To do |
The result should be the full listing copied exactly, with no pictures in it.

Given information |
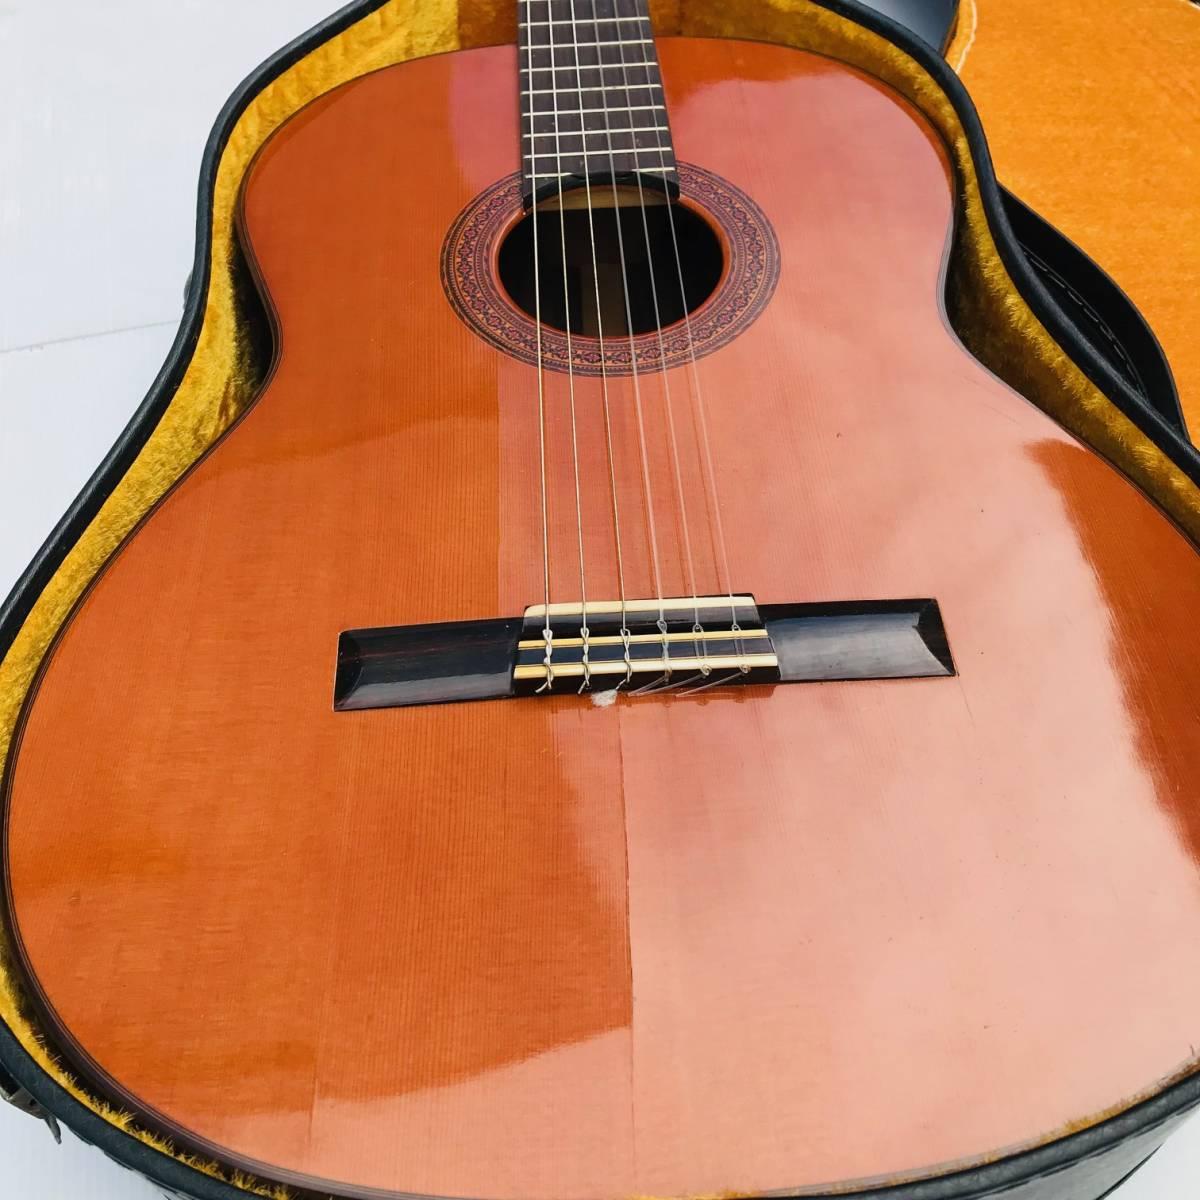 RYOJI MATSUOKA 松岡良治 ギター LUTHIER NO.25 1972年 NAGOYA JAPON クラシックギター ハードケース付【現状品】_画像3
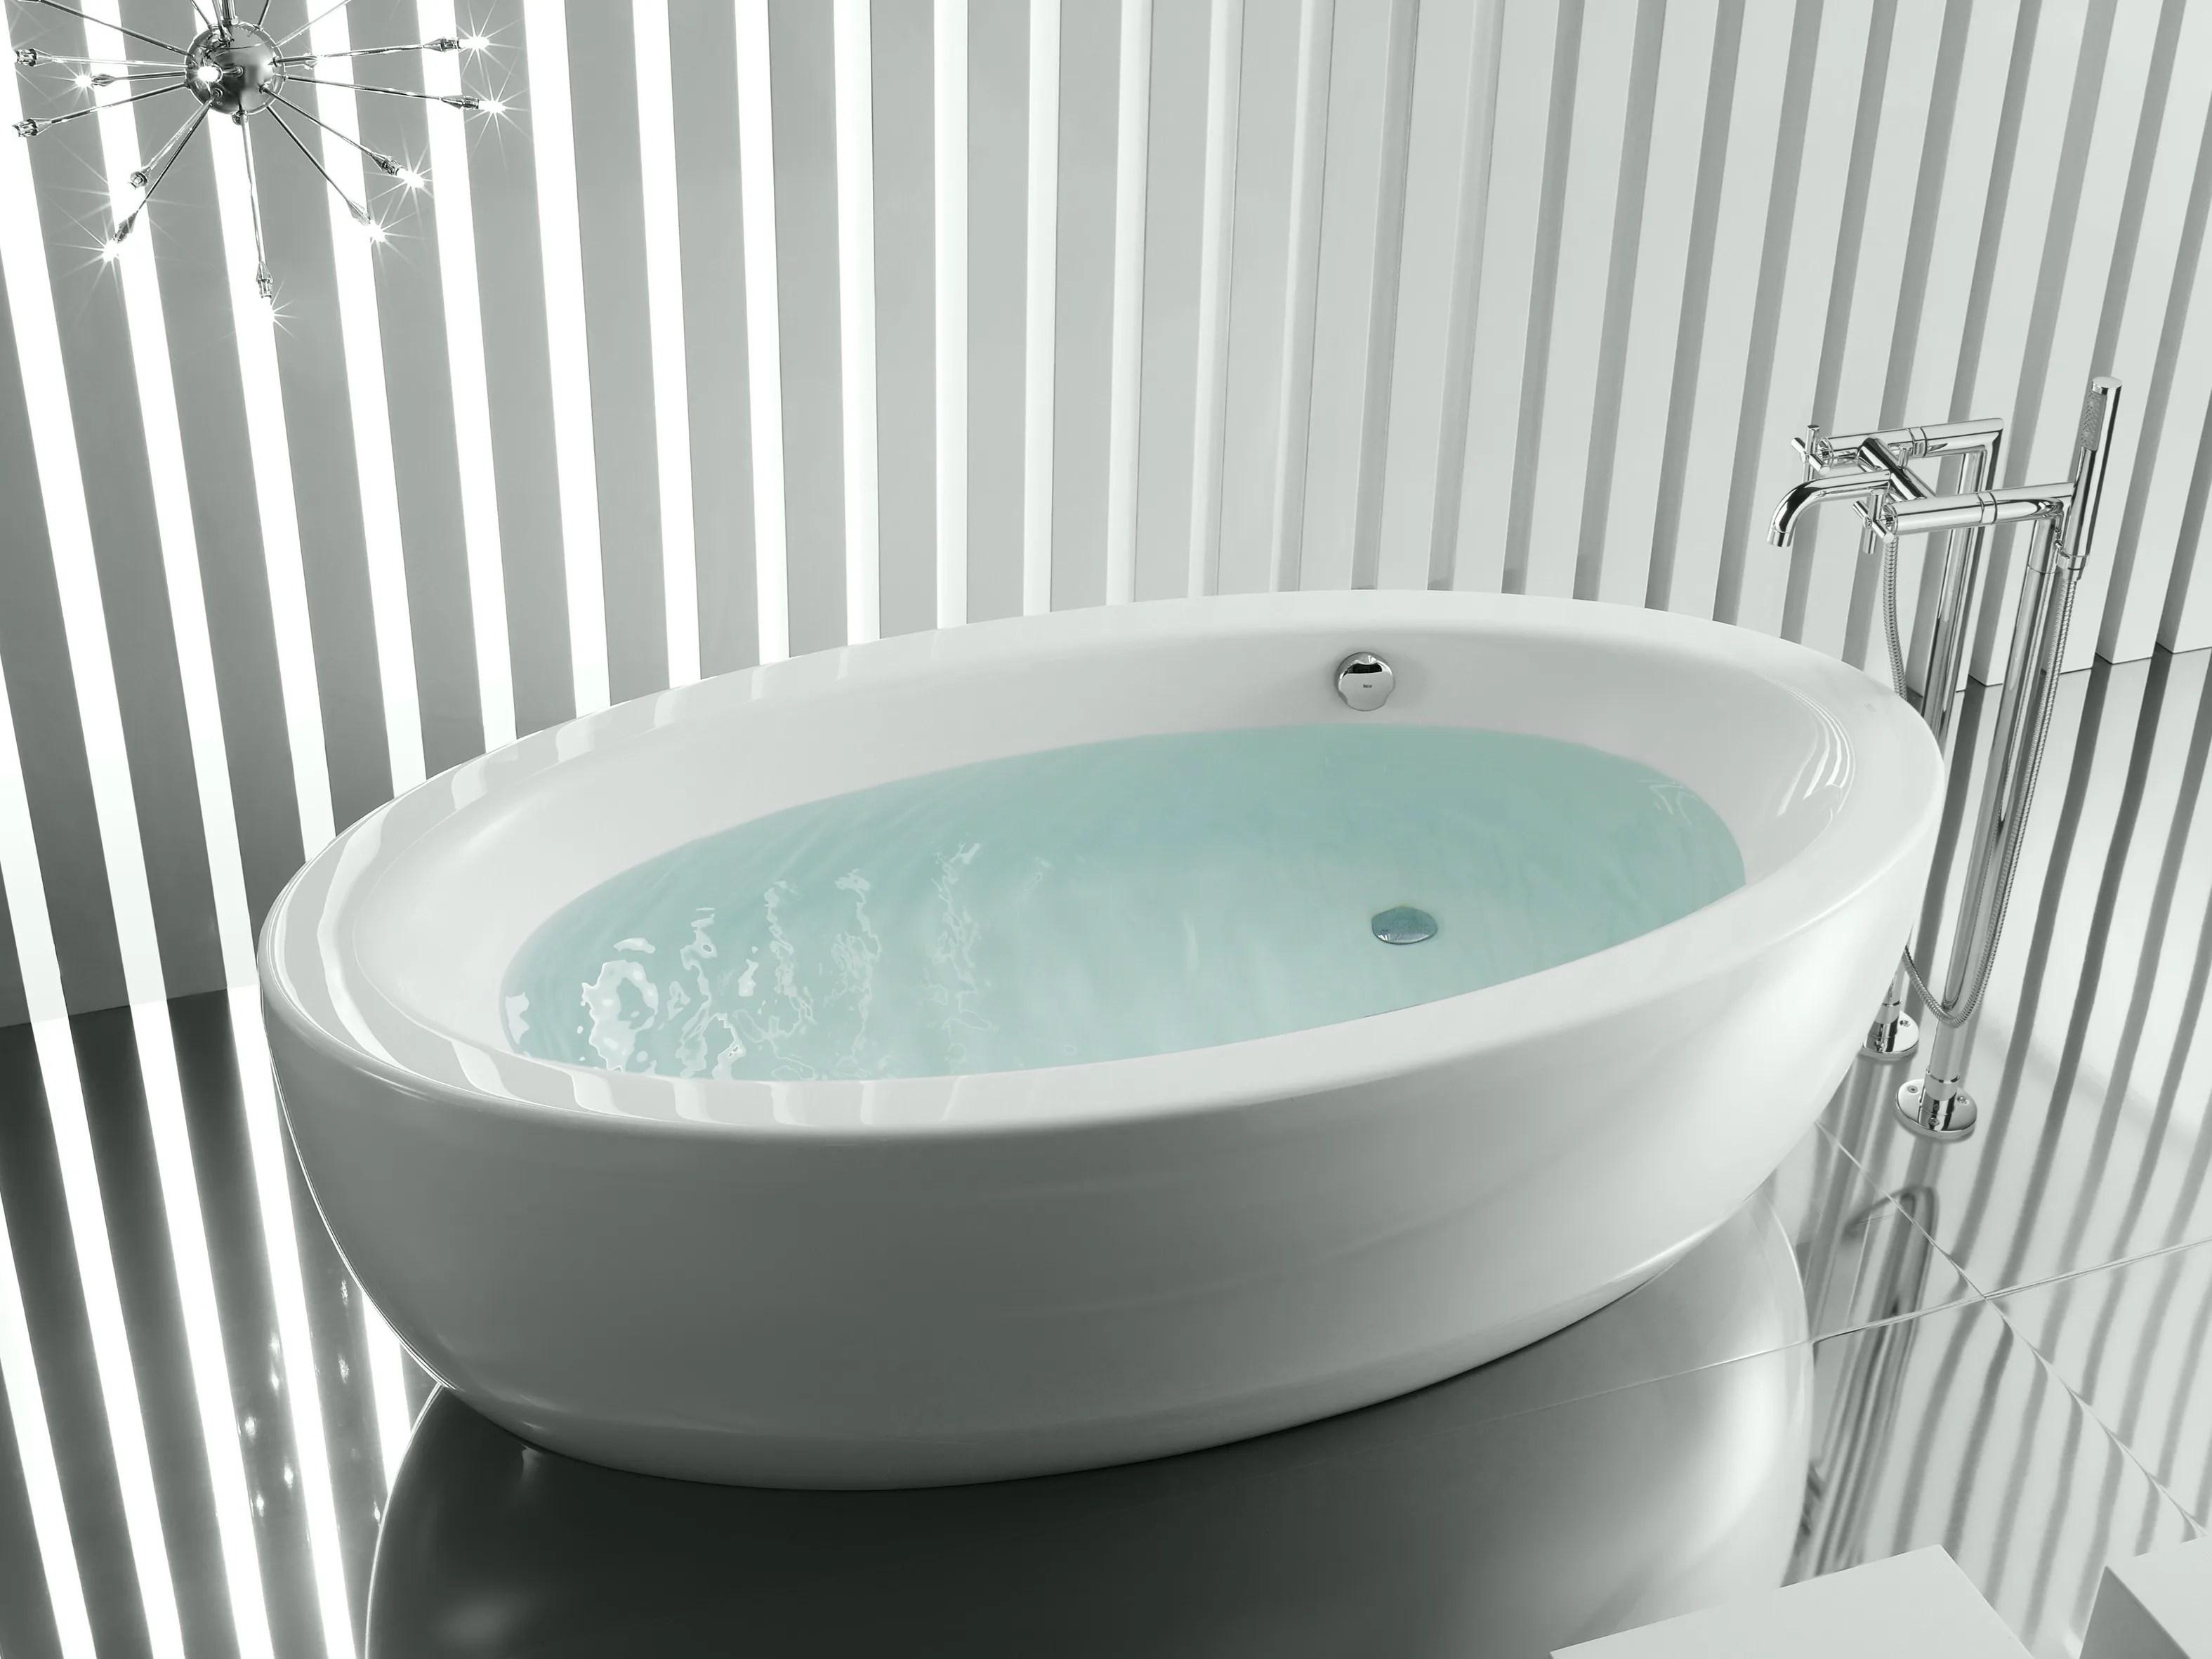 Freestanding Oval Bathtub GEORGIA By ROCA
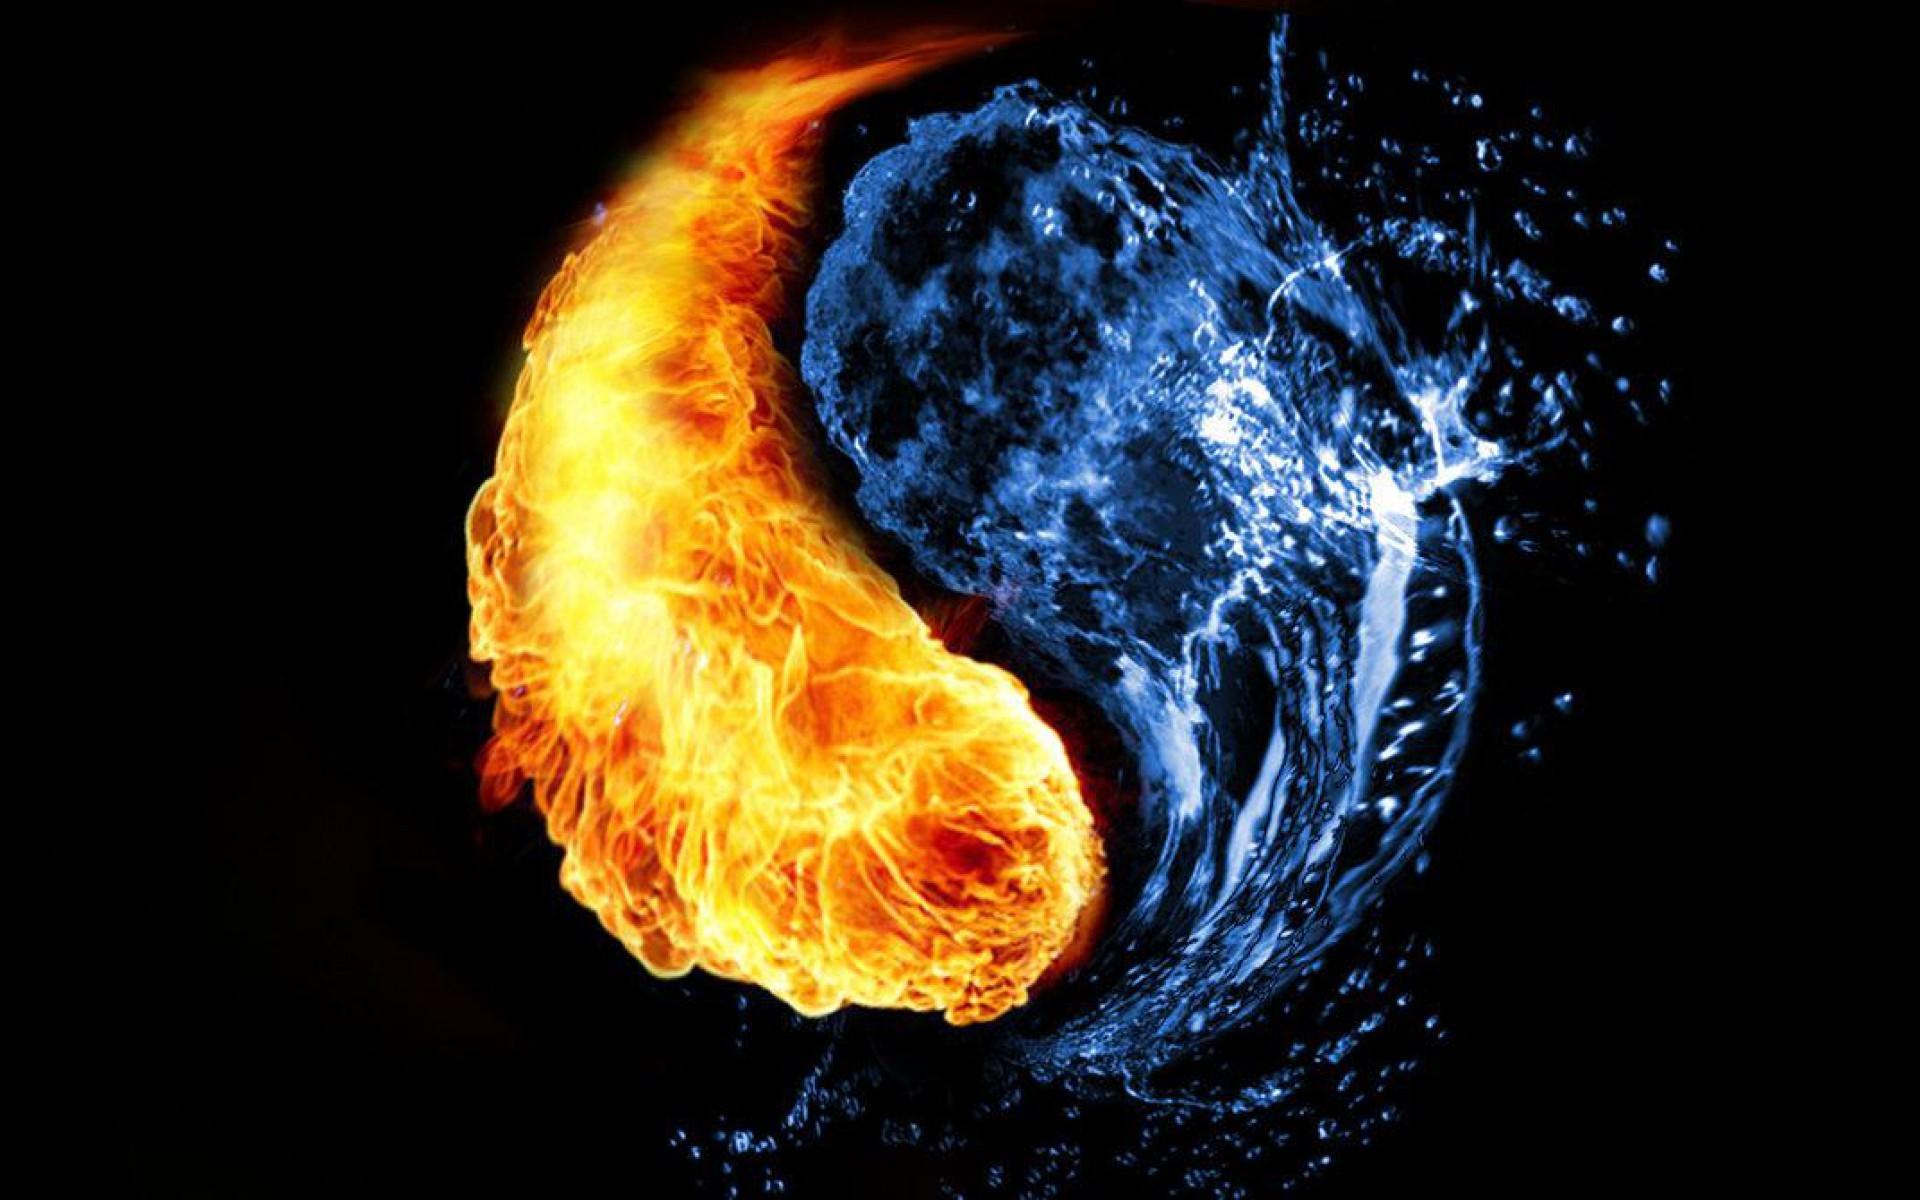 1920x1200 Fire And Ice Yin Yang

Completed task |
 RYOJI MATSUOKA 松岡良治 ギター LUTHIER NO.25 1972年 NAGOYA JAPON クラシックギター ハードケース付【現状品】_画像3
 Freestanding Oval Bathtub GEORGIA By ROCA
 1920x1200 Fire And Ice Yin Yang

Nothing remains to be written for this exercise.